We received several requests to explain how some major synthetic tranches of credit indices such as CDX and LCDX get adjusted when defaults take place. The best way to go over this is to look at an example. Consider the loan index LCDX-12 (if you want to brush up on credit indices, please see the primer in this post). Here are the original tranches of LCDX-12:
0-8% (equity)
8-15% (junior mezz)
15-30% (senior mezz)
30-100% (senior)
That means that on $100 worth of the index, the tranche notionals are:
$8
$7
$15
$30
Each tranche can be traded on its own, allowing someone to go long or short a specific part of the capital structure of this loan index of 100 credits. But since the index was launched, 7 names have defaulted. One key parameter needed here is the average recovery rate, which in this case was 80%. Note that such high recovery is a fluke for leveraged loans this year, but it just happened to be the recovery for these specific names.

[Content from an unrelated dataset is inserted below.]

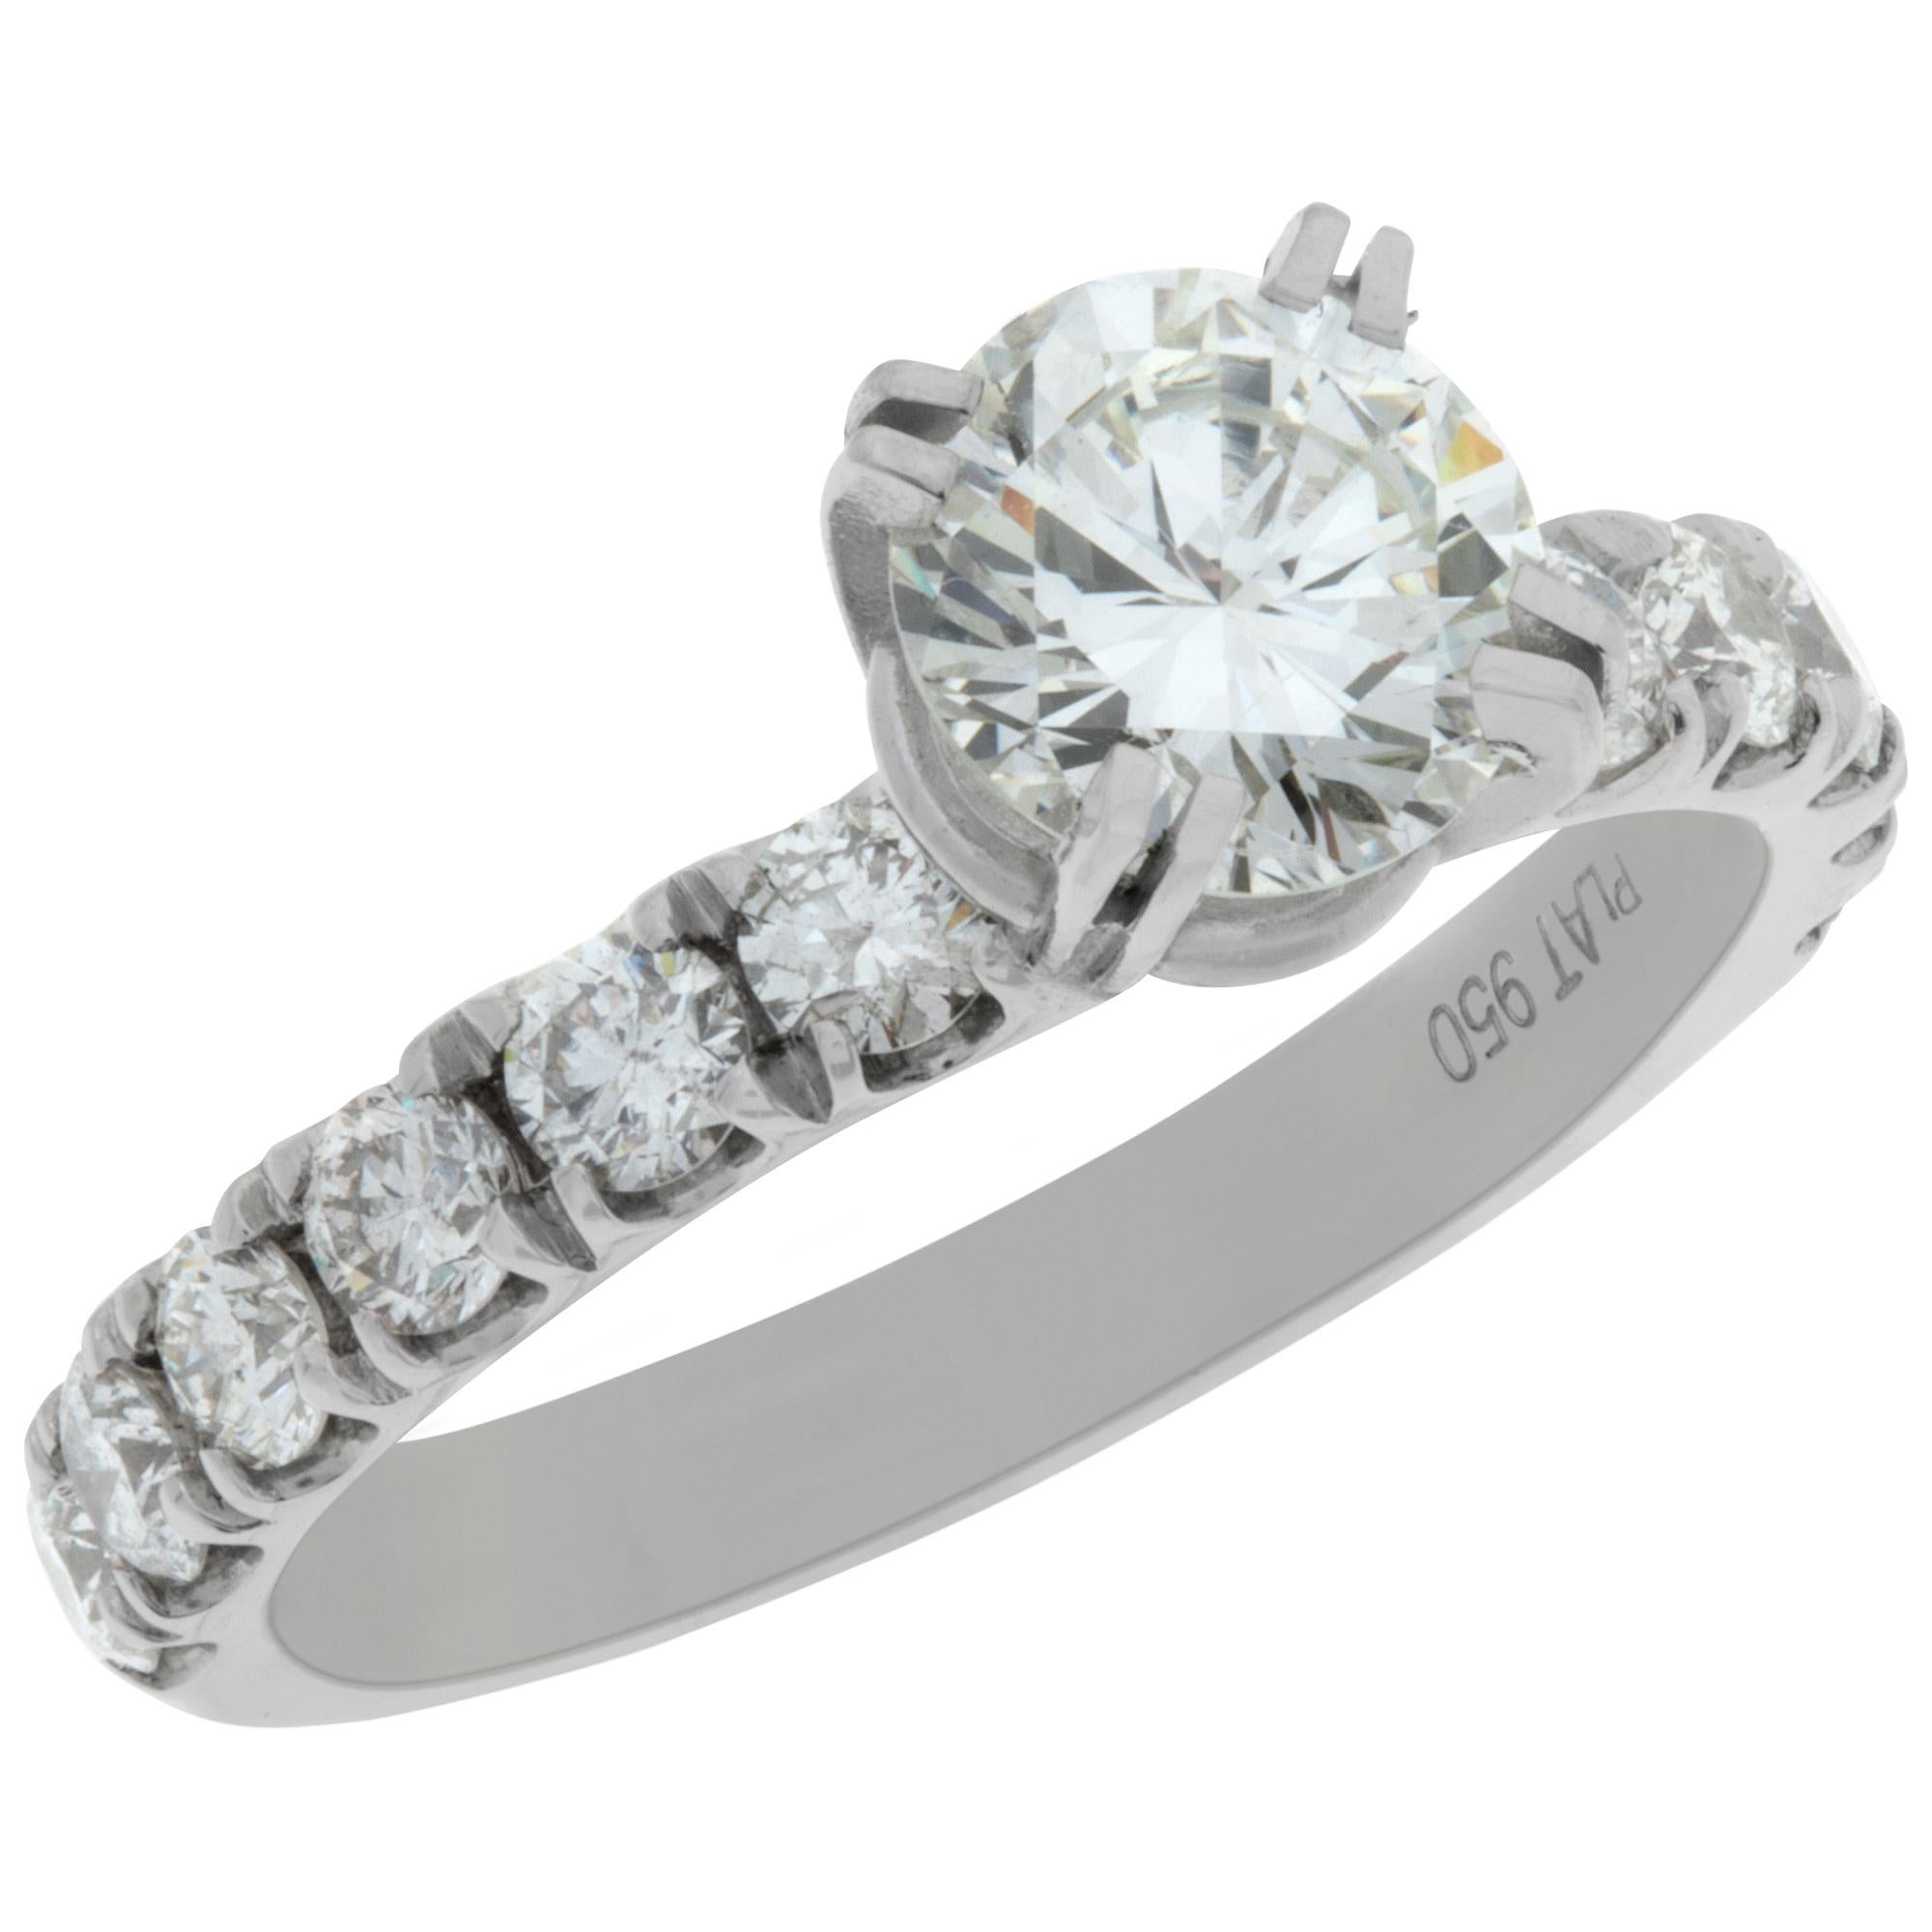 Brilliant Cut Platinum GIA certified round brilliant cut diamond ring For Sale

Note that as names drop out of the index due to defaults, the equity takes the full loss, while the most senior tranche is reduced in notional. This is equivalent to a static cash CLO deal, where recoveries from defaulted collateral go to pay down the most senior tranche.
With 7 defaults (each name representing 1% of the index) and an 80% recovery rate on $100 index notional, we would expect $7 of defaults, $1.4 in losses, and $5.6 of recoveries. The easiest way to think about this is that losses reduce the most junior tranche, while recoveries reduce the most senior tranche notional. The tranches in the middle stay intact. So here are the new amounts:
$6.6 (8 - 1.4)
$7
$15
$64.4 (70 - 5.6)
But the total notional is no longer $100; it is now $93 (7 names defaulted). Thus the tranche percentages of the lower notional become as follows:
0 - 7.1%
7.1 - 14.6%
14.6% - 30.7%
30.7% - 100%
This index capital structure has changed due to defaults as well as names taken out of the index, and can be significantly different from the original structure.